Kerry, the global taste and nutrition and consumer foods group, says that consumer demands for authenticity, clean label, premiumization, healthfulness, convenience, and new taste experiences continue to drive product launches and innovation across the marketplace, as it publishes financial details for the nine months ended 30 September 2018. Q3 key highlights include a 3.5 percent growth in business volumes with Taste & Nutrition up 4.1 percent and Consumer Foods up by 1.2 percent. Earnings guidance for the full-year has also been reaffirmed.
The Group says that the high level of product churn is leading to significant change along the supply chain, as traditional models are being challenged to deliver speedy innovation. Kerry says its longstanding business model and integrated solutions capability are best positioned to enable customers to navigate this changing landscape and meet these fragmented consumer preferences.
Groupwide business volumes grew by 3.5 percent and pricing decreased by 0.2 percent, reflecting lower raw material prices on average across the period. Reported revenues increased by 2.2 percent, encompassing the aforementioned business volume growth and pricing, an adverse transaction currency impact of 0.1 percent, contribution from acquisitions of 3.9 percent, and an adverse translation currency impact of 4.9 percent.
Group trading profit margin was maintained, reflecting a 20 basis points improvement in Taste & Nutrition, with underlying margin improvement in Consumer Foods being offset by the sterling transaction impact, resulting in a 60 basis points margin reduction in the division.
These results closely follow Kerry reaching an agreement to acquire Fleischmann’s Vinegar Company Inc and AATCO Food Industries LLC, in conjunction with its Investor Day in Singapore. According to Kerry, these acquisitions further expand the Group’s foundational technology portfolio, as well as strengthening its foodservice and developing markets positioning, in line with its strategic growth priorities.
“We are pleased with our performance to date in 2018, with volume growth well ahead of our markets and underlying margin expansion in line with expectations. In the third quarter, we have delivered good volume growth against very strong comparatives,” says Kerry CEO, Edmond Scanlon.
“We have also made good progress across our strategic growth priorities, including the recent acquisition announcements of Fleischmann’s Vinegar Company Inc. and AATCO Food Industries LLC. In summary, we are encouraged by the progress we have made in 2018 and reaffirm our full year 2018 guidance of adjusted earnings per share growth of 7% to 10% in constant currency.”
Taste & Nutrition
For Taste & Nutrition, volume growth of 4.1 percent was driven by Meat, Beverage & Snacks End Use Markets (EUMs). Pricing (0.2 percent) lower raw material costs reflected in customer partnership agreements and trading profit margin +20bps – underlying growth encompassing operating leverage, enhanced product mix, efficiencies, and investments.

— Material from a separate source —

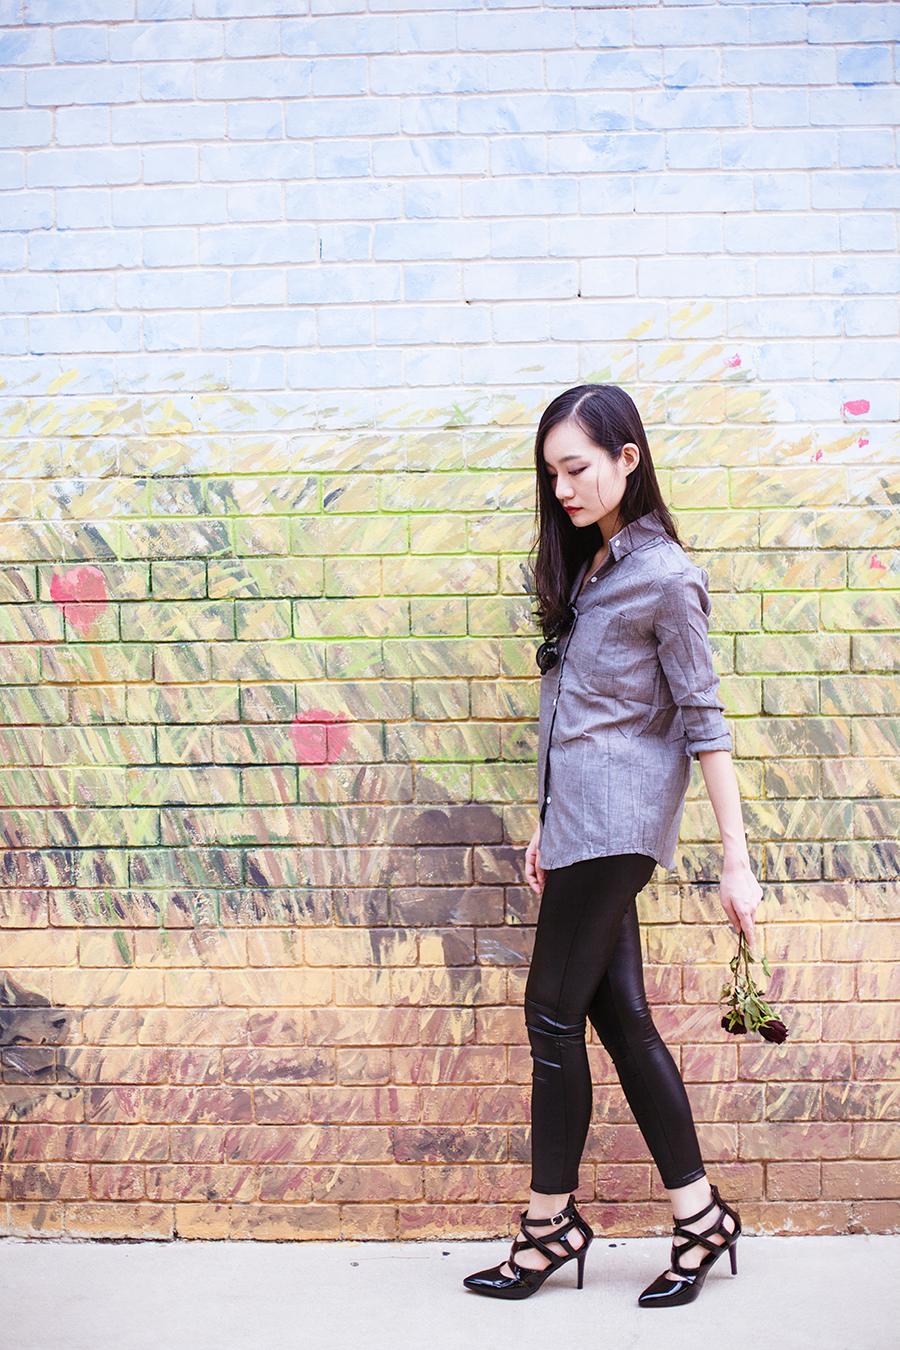 Dressgal grey linen shirt, Dressgal PU leggings, Sidewalk strappy heels via Zalora, 24:01 black round sunglasses via Zalora.
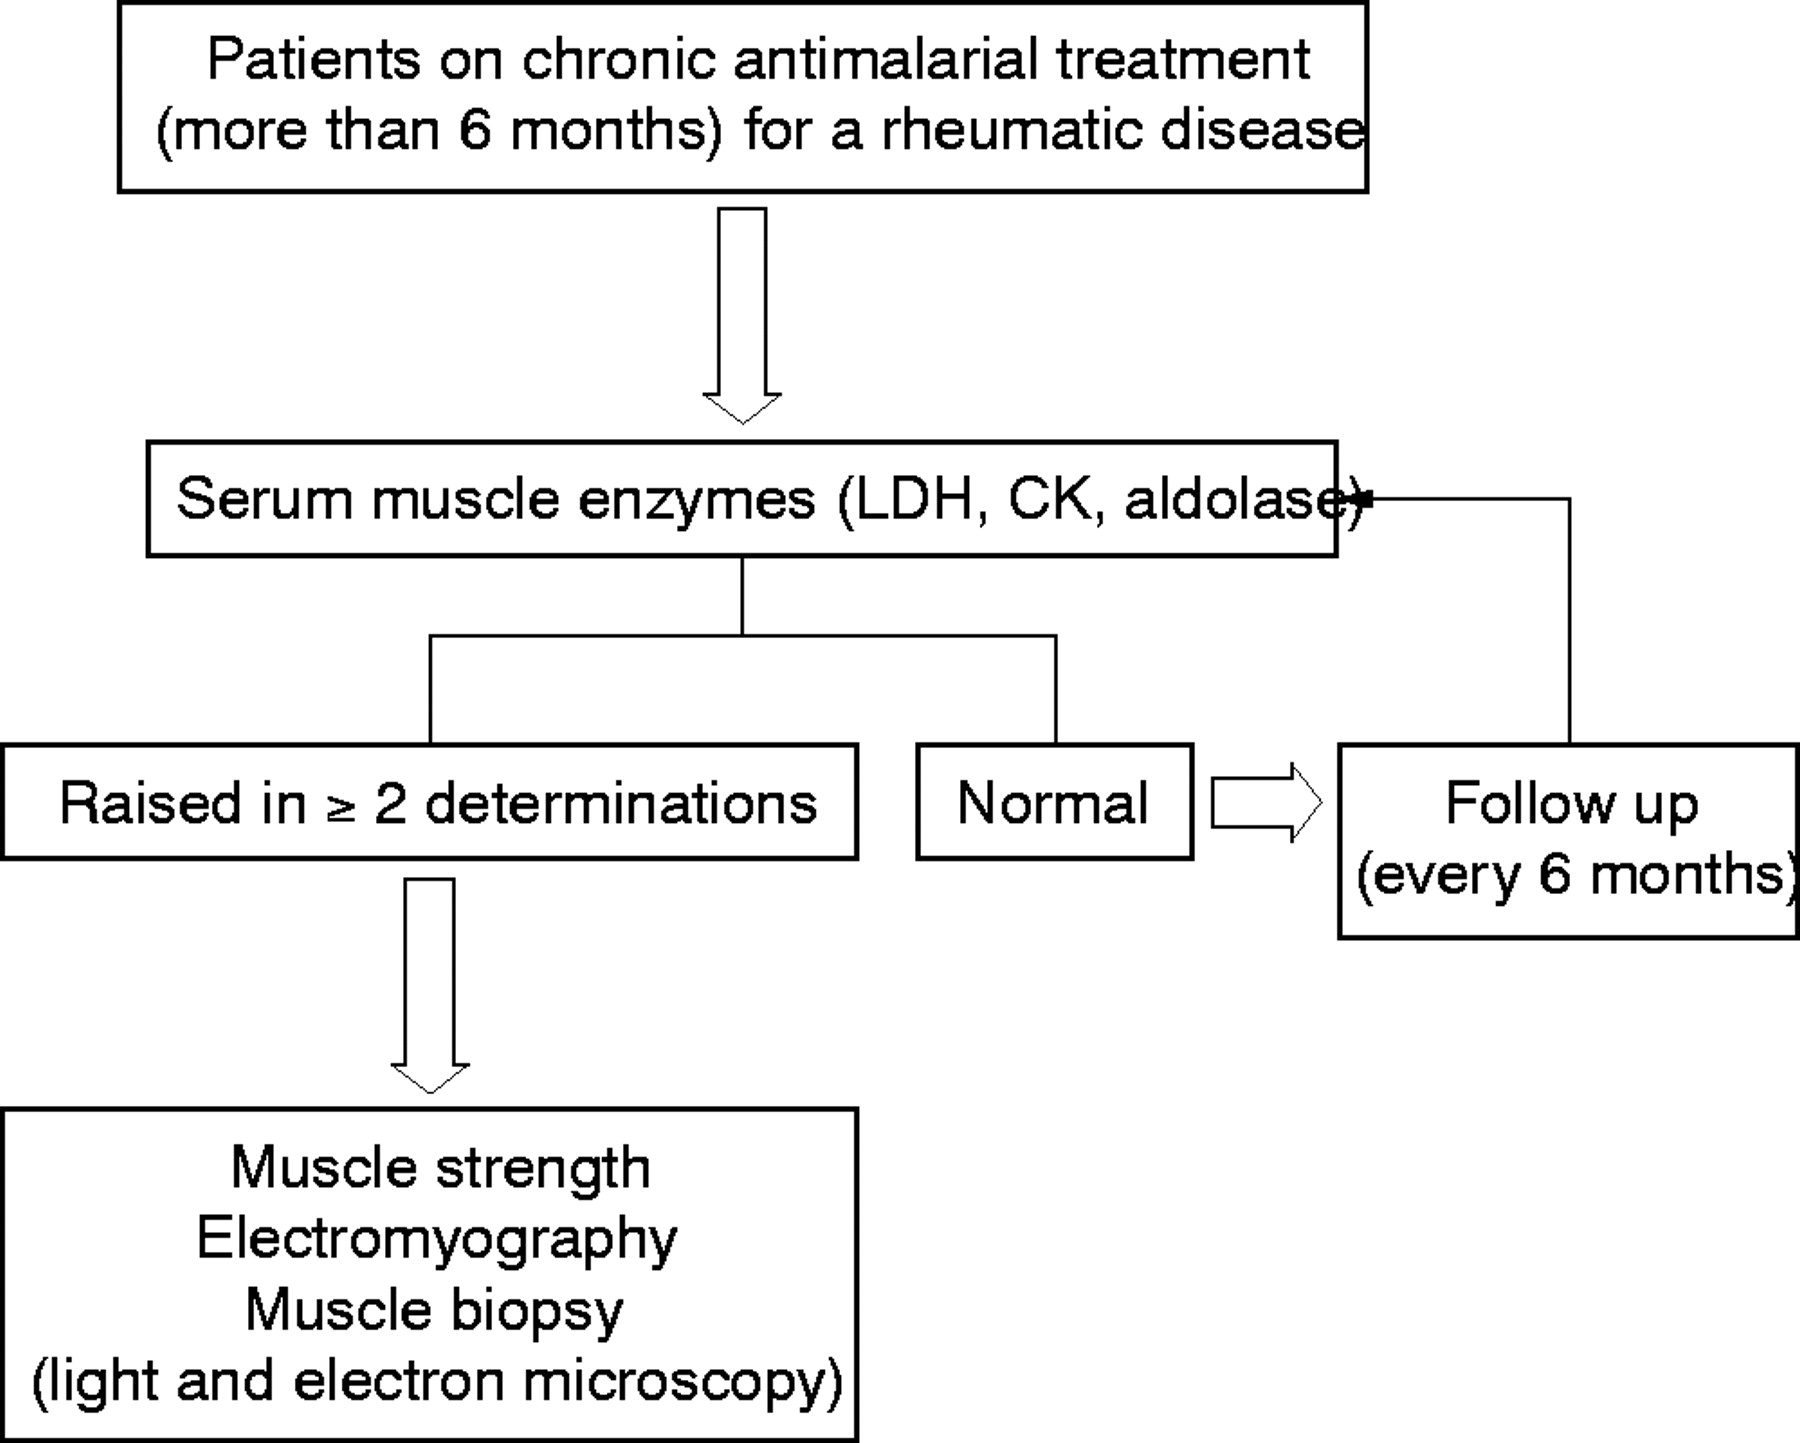 plaquenil gebelik kategorisi

The division achieved good growth across global, regional and local customer groupings. Growth in developed markets was solid while developing markets delivered strong broad-based growth of 9.7 percent.
Foodservice delivered good performance in the period, growing at 5.8 percent against a backdrop of very strong comparatives, particularly in the latter half of 2017.
Consumer demands for new world tastes and better-for-you offerings continue to drive the development of innovative nutritional product solutions, providing opportunities for customers to extend their menu offerings.
Kerry’s Taste technologies continued to record strong performance, with TasteSense sugar-reduction technology and natural extracts being key drivers of growth. These technologies, in conjunction with Kerry’s broader clean label technology portfolio, helped customers meet consumer demands for reduced sugar, natural ingredients, and authentic taste.
Customers are increasingly turning to Kerry, as the significance of a partner with a “from-food for-food” heritage is ever more relevant in today’s marketplace.
Consumer Foods
Kerry reported volume growth of 1.2 percent for Consumer Foods, a continued market outperformance driven by good growth in “Food to Go.” Pricing was flat, reflecting neutral raw material prices on average across the period and a trading profit margin (60bps), underlying margin improvement more than offset by transaction currency.
While the UK consumer landscape had been resilient in the first half of 2018, demand softened in a number of categories in the third quarter, according to Kerry. “Everyday Fresh” enjoyed solid growth across the period with the Richmond range performing well, benefiting from the successful launch of Richmond chicken sausages.
In the spreads category, the division’s softer butter technology delivered good growth, as traditional spreads continued to lag overall category performance.
“Convenience Meal Solutions” remained challenged in the period, with retailers reducing promotional activity, and sales negatively impacted by the exceptionally warm weather in the second and third quarters.
“Food to Go” performed well with strong growth in Cheestrings and Fridge Raiders ranges. During the third quarter, the relaunch of the Fridge Raiders brand was completed, with positive early signs that the new broader range of snacking products is appealing to a wider consumer demographic.
Rollover and Out-of-Home meal solutions continued to deliver good growth with a number of new listings. Kerry also says that the Brexit mitigation program is progressing in line with expectations.